Grieving Mother Forced to Show Court Son's Ashes to Prove His Death

Posted Oct 21, 2008 by Michelle Duffy
In a UK court, a mother forced to bring in with her the ashes of her dead son to prove that he was indeed dead. The UK car registration authority, DVLA refused to believe that the young man had died.
Shocked and upset mother, Julie Strange, a 43-year-old married woman with two children, felt she had no choice but to appear in court with the ashes of her dead son to prove that he was indeed, dead.
The woman from Penrith in Cumbria, was bombarded with letters and other correspondence from the British vehicle registration authority when they had believed that her son had bought a car and had not registered it with them.
The woman was subjected to visits from the bailiffs at her own home as well as receiving nasty warning letters from the DVLA themselves warning her deceased son, Paul, that he was liable for prosecution if he did not register the vehcile with them.
Yet the authority had got the story completely and embarrassingly wrong. Not only had Paul never had such a vehicle which the DVLA described but he had tragically died in a train accident in October 2006.
Despite sending in Paul's death certificate for proof of her son's death, as well as numerous calls and letters to the DVLA to inform them of Paul's passing, the company still refused to believe that Paul was dead.
The final blow for Mrs Strange came when she received a summons from the DVLA to appear in court. The summons was for Paul, not for his grieving mother. Nevertheless, Mrs Strange arrived at court on the date and time which the DVLA had asked for her son to attend. She came in accompanied by her sister and a casket containing Paul Strange's ashes.
Thankfully, the prosecution bench withdrew the case with immediate effect, and the judge for the hearing, Jack Abernthy profusely apologised to the family of Paul Strange for the upset and grief that the whole affair had obviously caused.
Mrs Strange, told press after the bizarre hearing,
"I just hope this is the end of it.

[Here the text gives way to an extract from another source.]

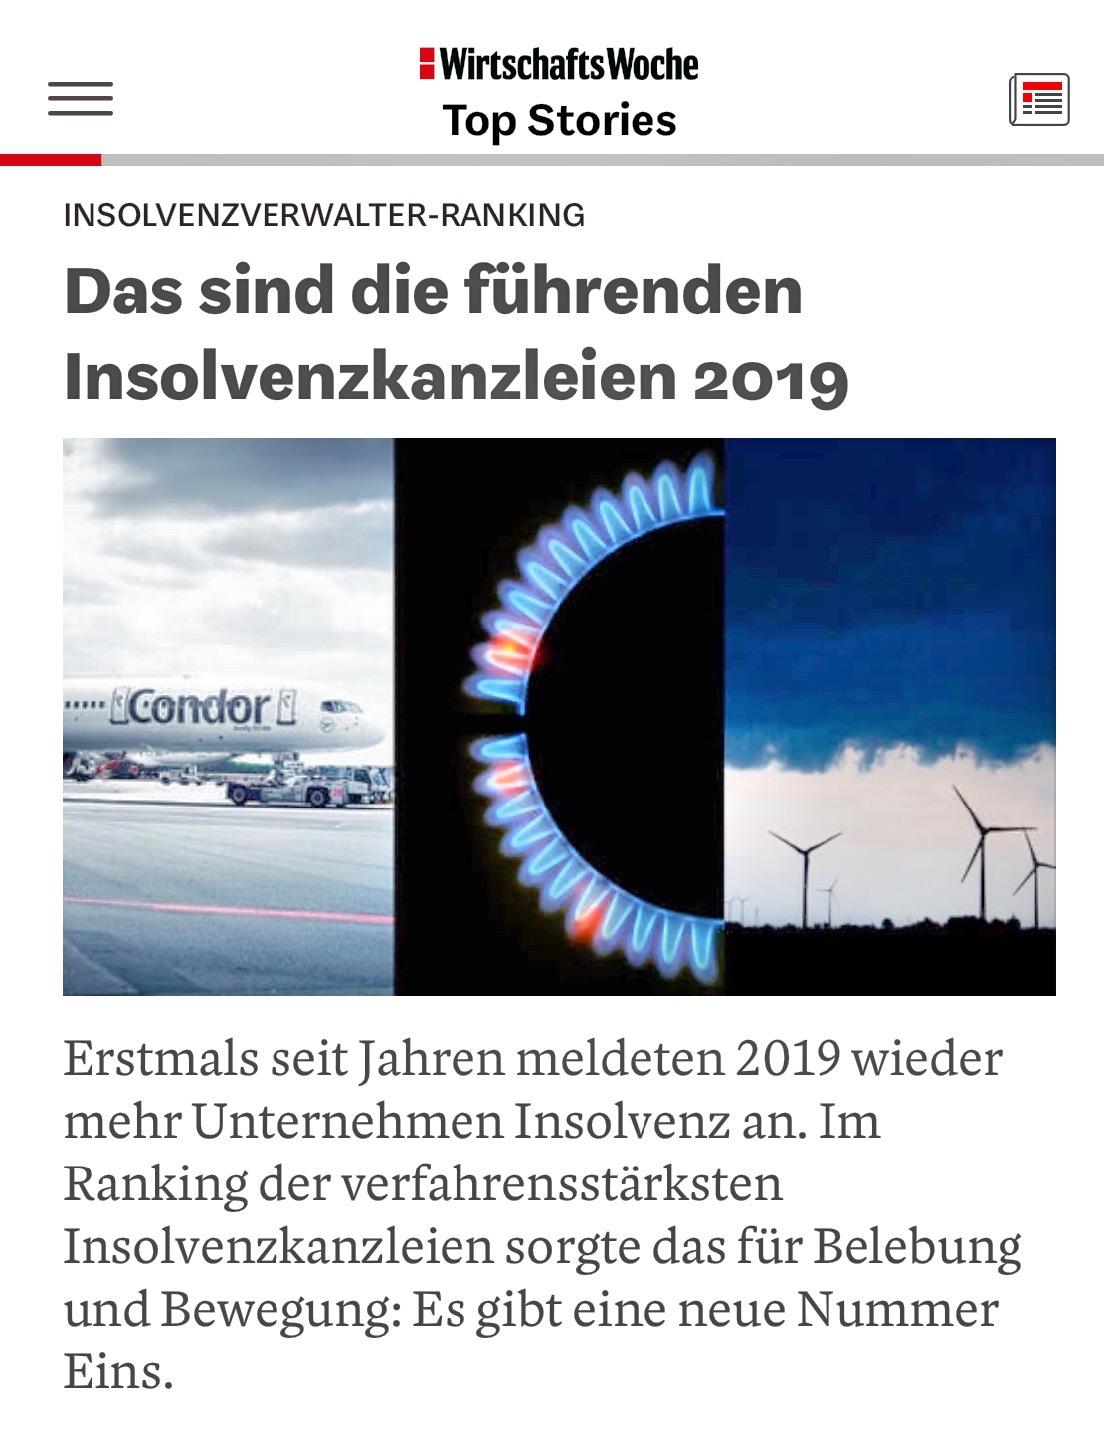 Insolvenzverwalter-Ranking: Schiebe Und Collegen Gehört Erneut Zu Den Meistbestellten Kanzleien Deutschlands

This has been really traumatic for the whole family. I thought long and hard about doing what I did today. But I was really worried that if I didn't turn up then Paul would be found guilty in his absence and fined. Then he would be pursued by the courts as well. I just hope now that the DVLA will get the message and send me a letter saying that this whole episode is behind us. It would be nice to get an apology as well. This has all been so upsetting – especially with the court date coming so near the anniversary of Paul's death."
The DVLA refused to comment on the case of sending such upsetting correspondence a year after Paul Strange had died.